Fleece is cheaper in the long run, too.


----------



## ratlover5 (Jun 9, 2012)

use boxo bedding. it is soft, controls the odour and is safe for rats. i get it for $7 and it lasts me about 2 months


----------



## brittbritt (May 13, 2012)

I have a fleece method that works great for guinea pigs. If you wash and dry fleece three times without fabric softner or dryer sheets it will start to wick pee through. If you put towels underneath the fleece the pee wicks down to the towels and keeps the fleece dry. You can just sweep up or shake the fleece to get poops off. I think I'm going to use this method for the bottom of my rat Ramsey's cage too.


----------



## venjinze (Jun 13, 2012)

so ... where can i get this magnificent fleece? serious question lol.


----------



## cagedbirdsinging (May 28, 2012)

venjinze said:


> so ... where can i get this magnificent fleece? serious question lol.

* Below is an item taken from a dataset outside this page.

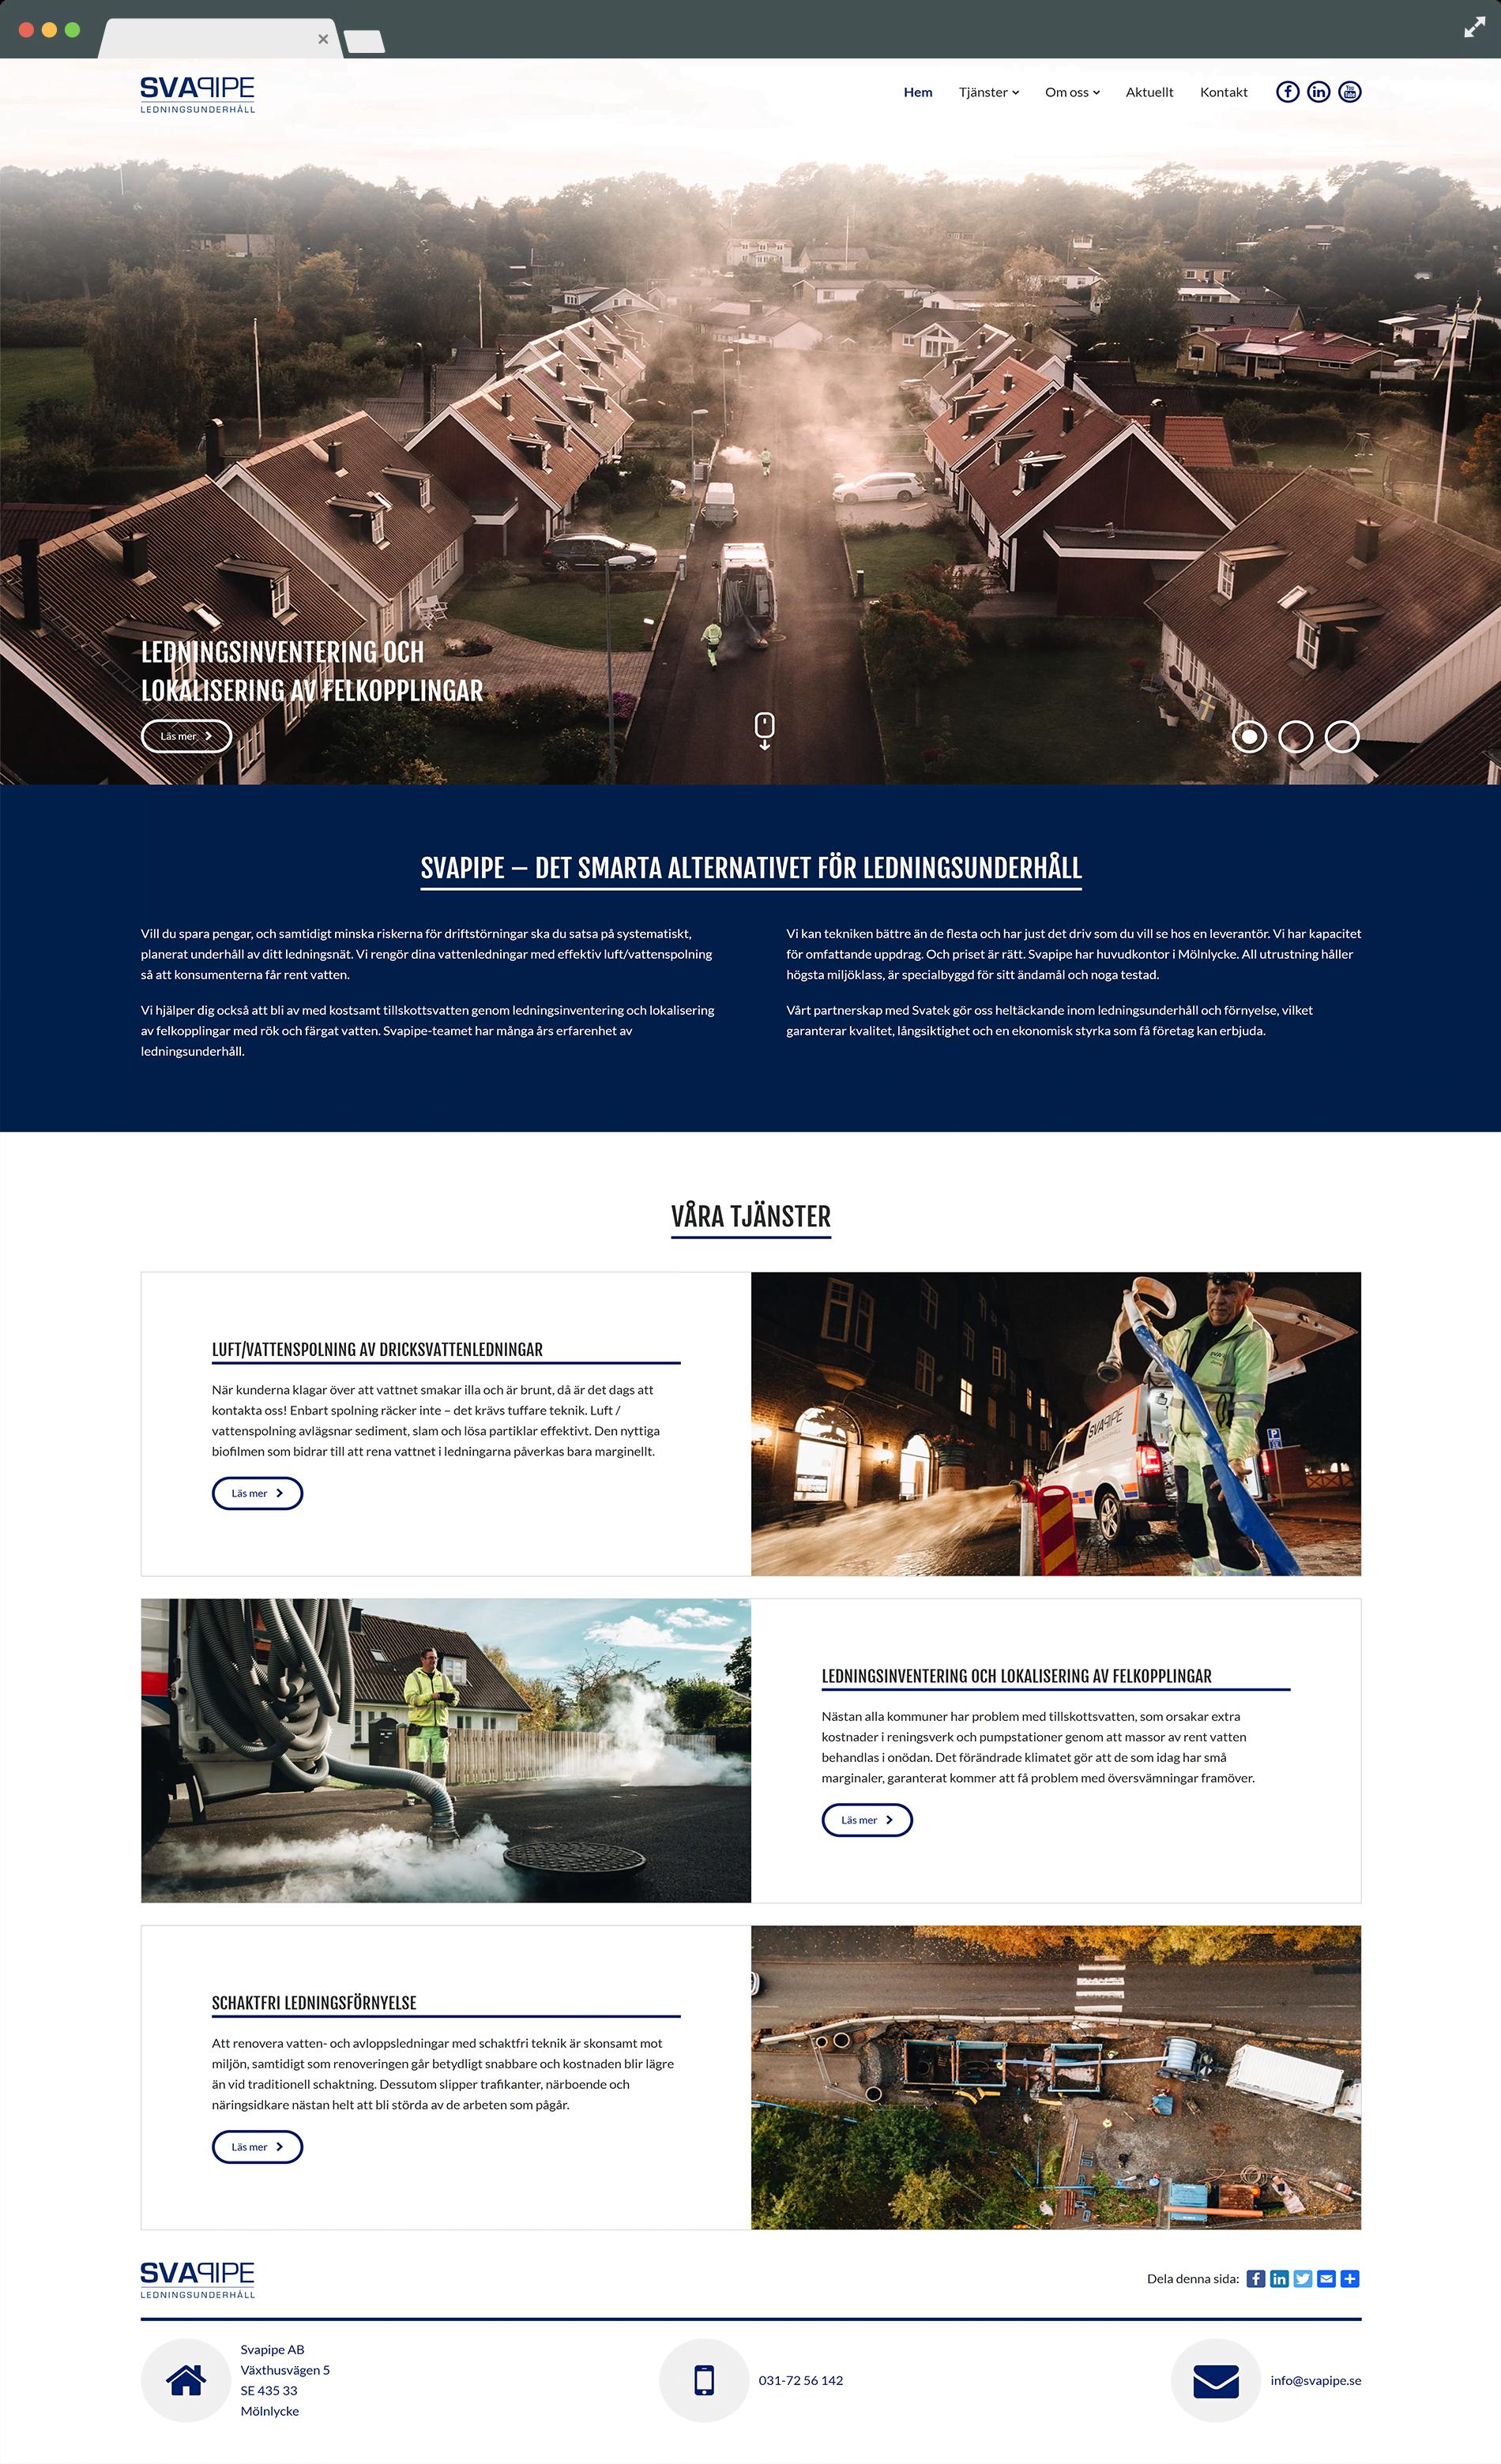 Responsiv hemsida i fullskärm åt Svapipe
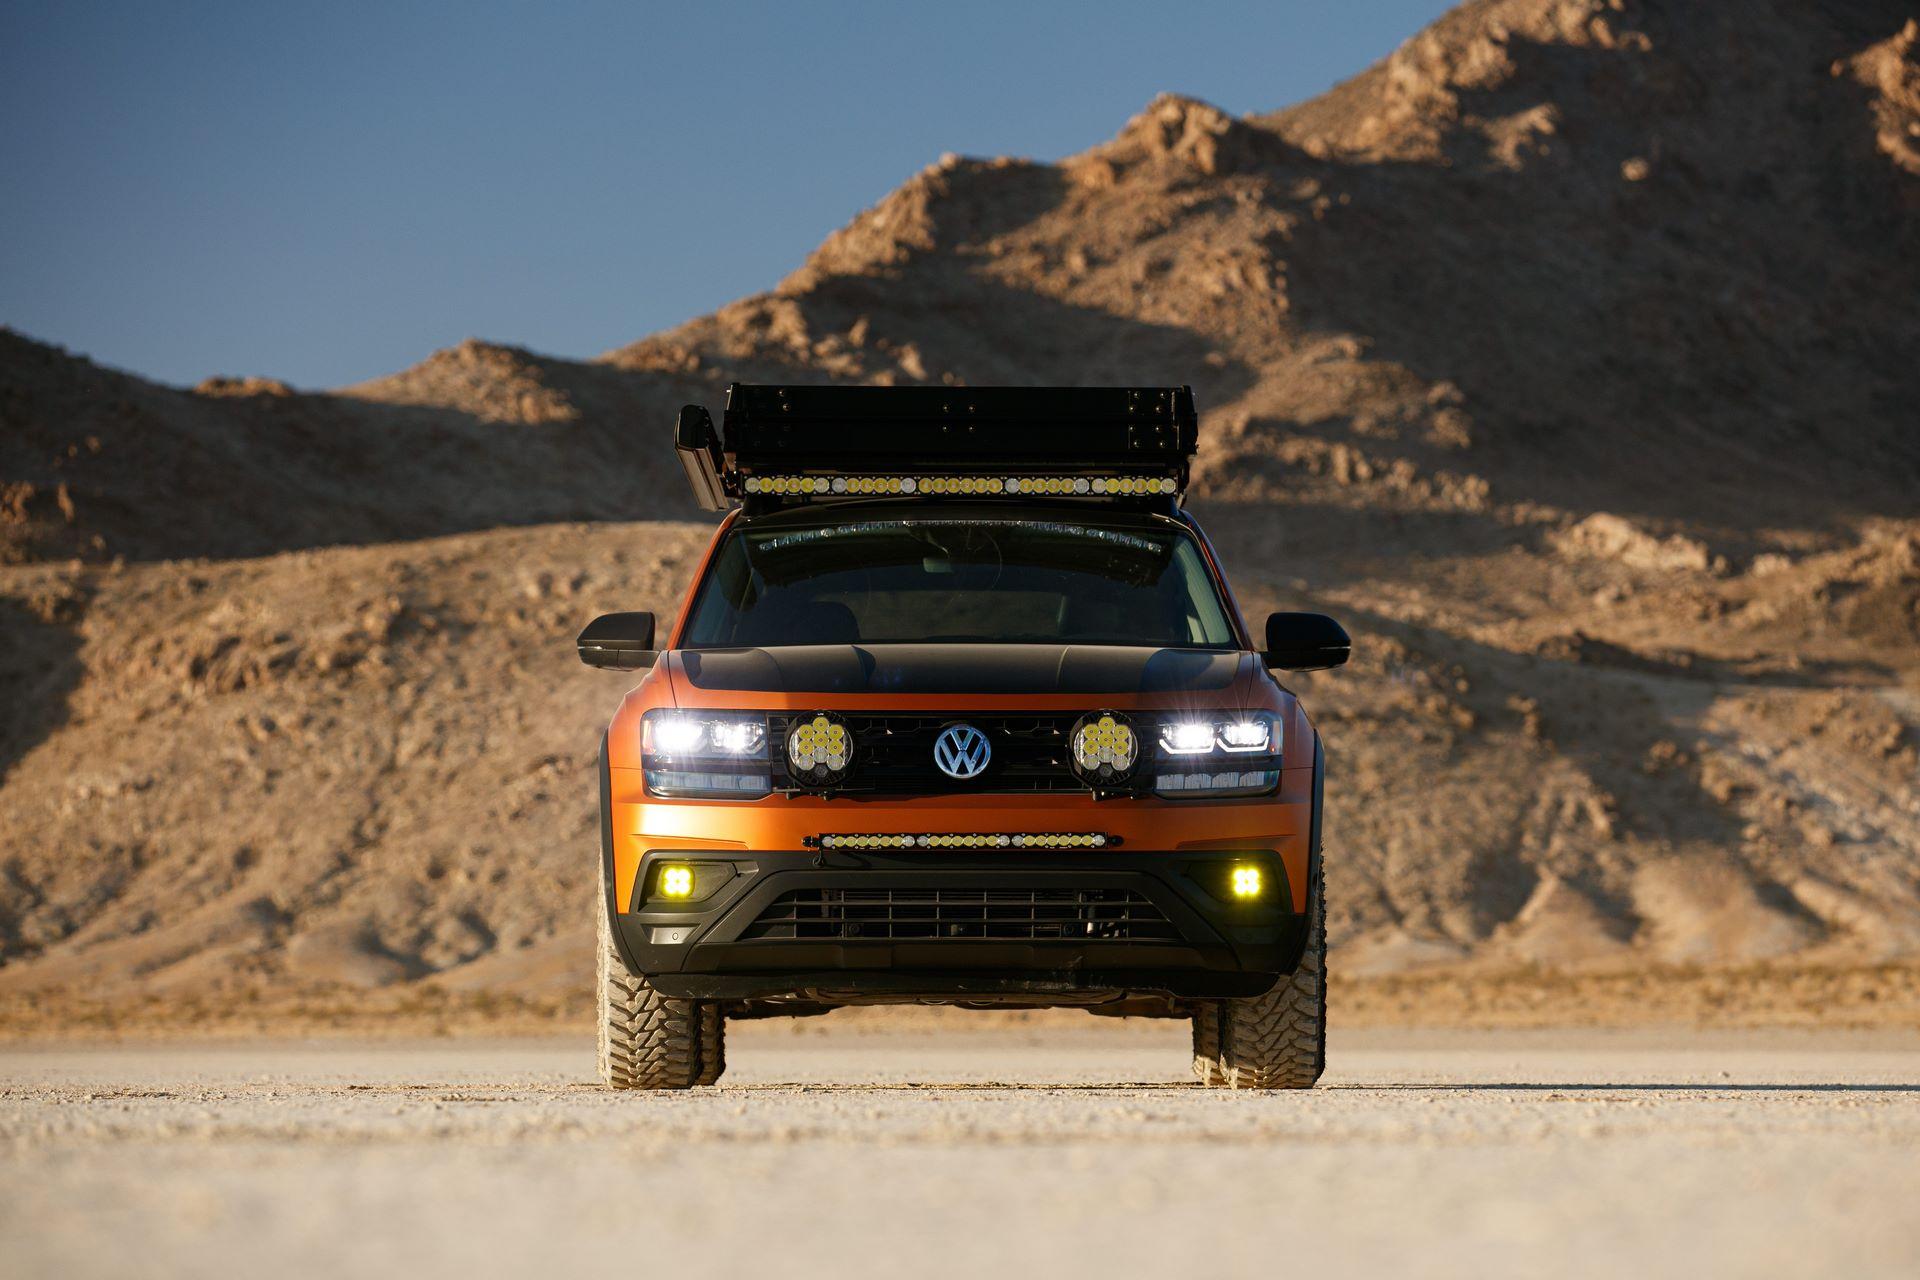 Volkswagen_Atlas_Adventure_Concept-10445

You can get fleece at pretty much any craft store or local store with a craft section. It usually comes in a lot of colors or patterns, but depending on the store and where you live, it can be limited.


----------



## venjinze (Jun 13, 2012)

cagedbirdsinging said:


> You can get fleece at pretty much any craft store or local store with a craft section. It usually comes in a lot of colors or patterns, but depending on the store and where you live, it can be limited.


Yea that's what I figured, I just wasn't sure if there is some type of fleece I should avoid (due to the dye or w/e). Probably should have elaborated my question


----------



## jenn1c (May 6, 2012)

Honestly I buy cheap fleece baby blankets at Value Village, off facebook buy and sell groups or anywhere else I can find them. Even if they have edging on them, I cut it off and braid it then hang in the cage as a toy!


----------



## AlfredosMommie (May 1, 2012)

I bought fleece and put it in my male rats cage, changed it out everyday for a few days, and that was it! Lol They insisted on marking they're territory all over the fleece, and their cage reeked. I'd say get some cheap stuff, see how they do with it, before you go crazy and buy / cut a ton to fit the cage like I did lol


----------